川又さんが、やっと顔を洗い終えると、徐に替えのシャツに腕を通しました。
「何だぁ?急いでんなら他の奴に言えよ!」
と、眉間に皺を寄せながら背後を見たものの、もうそこには誰もいなかったのです。
「誰だよ!さっき俺を呼んだ奴は~!」
「隠れてないで出て来いよ!」
そう叫んだところで、辺りは機械のモーター音しか聞こえませんでした。
「まだ遠くには行っていない筈だ!」
川又さんは、近くの柱や動力盤の裏を隈なく回ったものの、同僚の人はおろか業者の人とも遭遇しませんでした。
そこで初めて気が付いたのです。
「もし、あの声がする方に行っていたらどうなったんだろう…」
「かつて俺に恨みでもあった奴らの怨霊か?」
そう思ったかどうか分かりませんが、川又さんは流しからなかなか戻ってきませんでした。
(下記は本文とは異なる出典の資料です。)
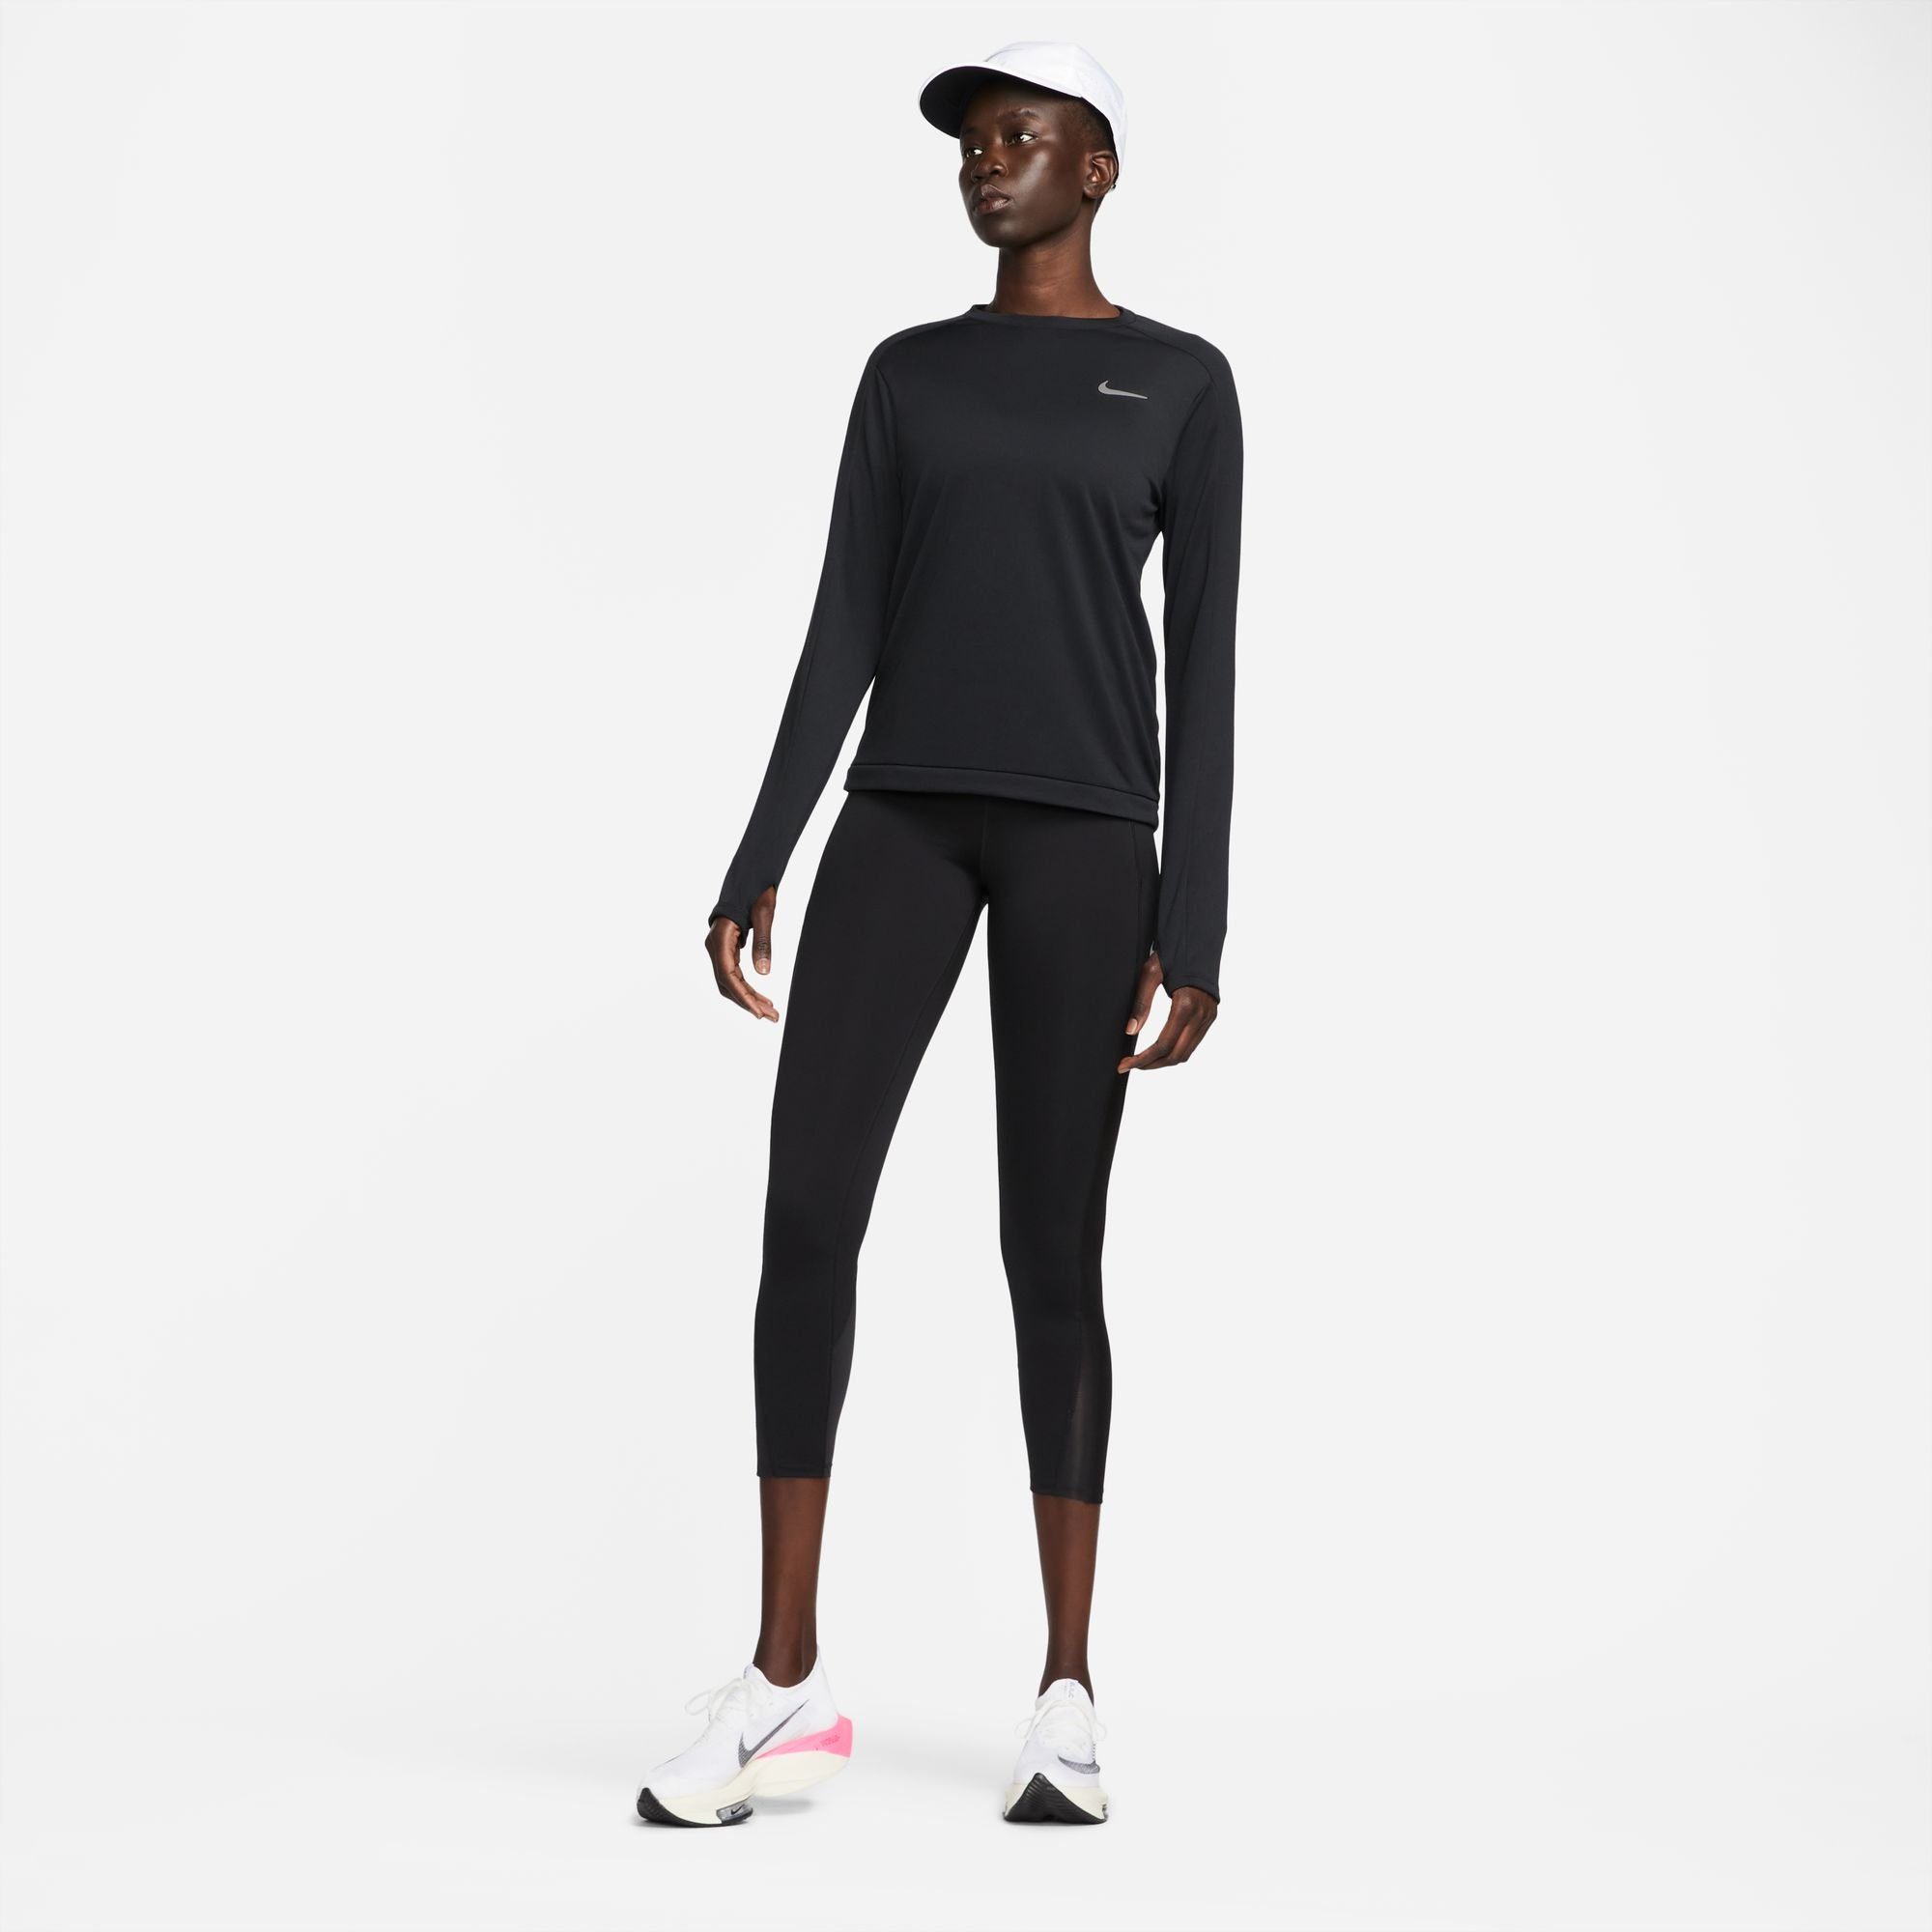 SILV CREW-NECK Laufshirt DRI-FIT BLACK/REFLECTIVE TOP Nike WOMEN'S RUNNING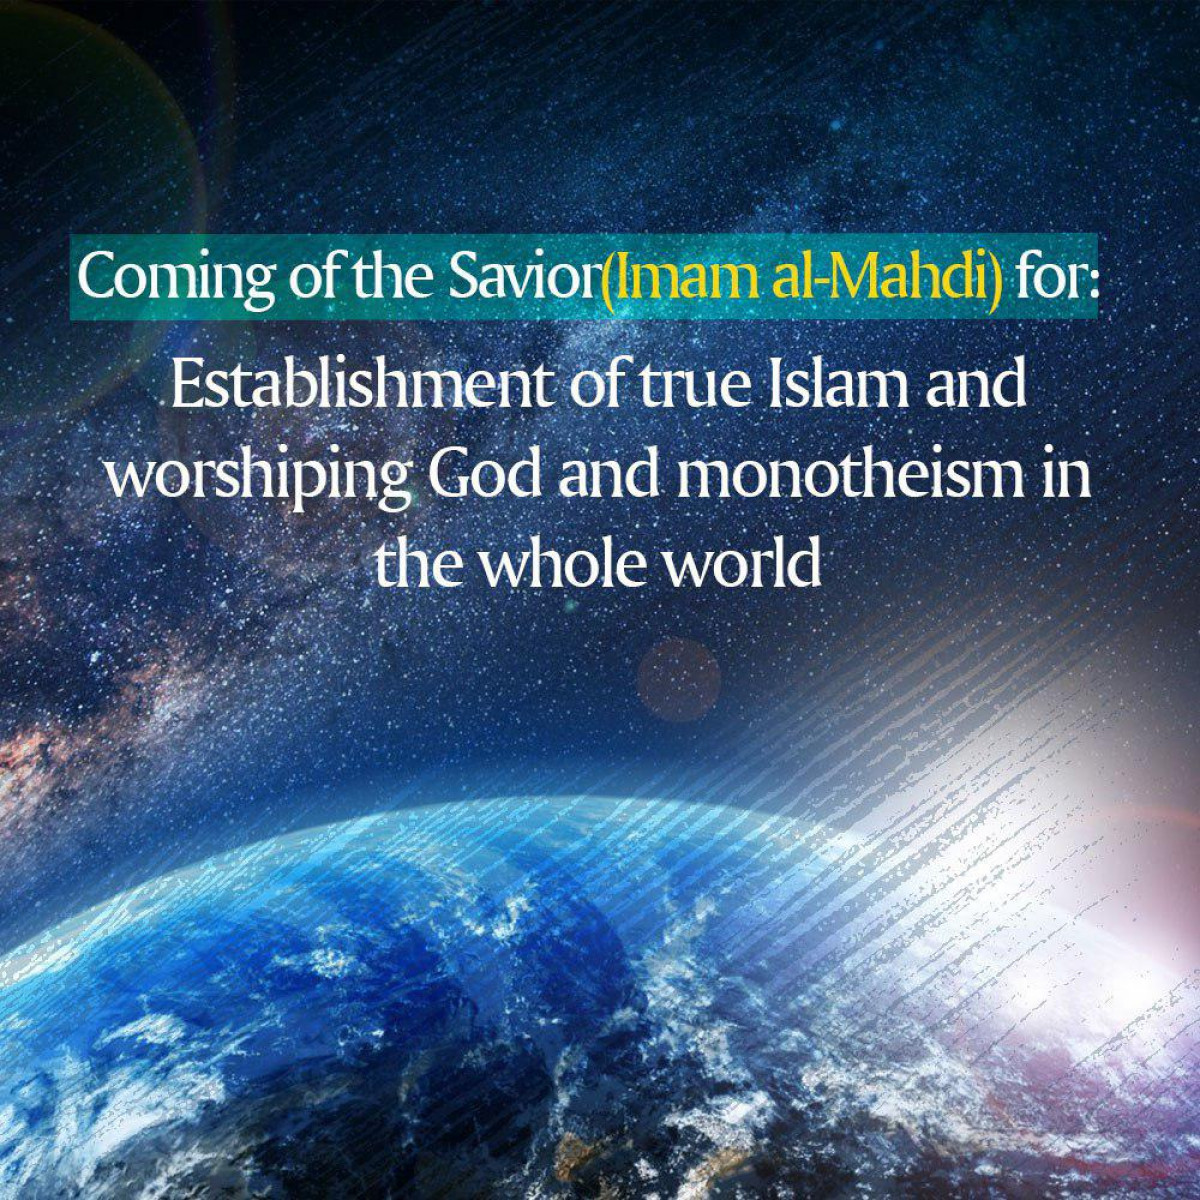 Coming of the Savior (Imam al-Mahdi) for 3

それで、自分が流しの方を見に行った時に、呆然と立ち尽くす川又さんがいたのです。
「何かあったんですか?」
そう話し掛けたものの、川又さんは心ここにあらずという状況でした。
その時の状況を味わった人達により噂が広まると、現場の一部ではちょっとした話題になっていました。
それから数日後、今度は同僚の木内さんがボイラー室での作業が終わり、川又さんと同様に石鹼を泡立てて流しで顔を洗っていると、また背後から誰かに話し掛けられました。
すると、木内さんは急いで顔を洗い流しました。
そして、川又さんの時とは違って、シャツを着ないで後ろを振り返りました。
すると、背後にいた筈の誰かは不気味な笑い声をあげたまま、機械室の右斜め向こうに走って行ったのです。
木内さんは上半身裸のままでしたが、透かさずその誰かを追って行きました。
その声が聞こえてくるのは、必ず右斜め先にある死角になっている場所からなので、誰なのかを確認する事は出来ませんでした。
そのうち、機械室の一番右奥にある空調機を左から回り込むようにして走っていくと、その先は建物の角(出隅)になっていて、行き止まりにも関わらずその人を見失ったのです。
木内さんは、ゆっくりと着替えてから中央監視室に戻ってきました。
そして、さっきまでの経緯を話すと、ぐったりと腰を下ろしました。
しかし、同僚の皆さんは誰かの悪戯なんだろうと思い、然程気にしている感じではありませんでした。
何故なら、ボイラー室で点検作業をする人は全員ではなかったので、その仕事に関わりがない方は話半分で聞いていたからでしょう。
しかし、これからもボイラー室での作業を続ける人にとっては、気持ちのいいものではありませんでした。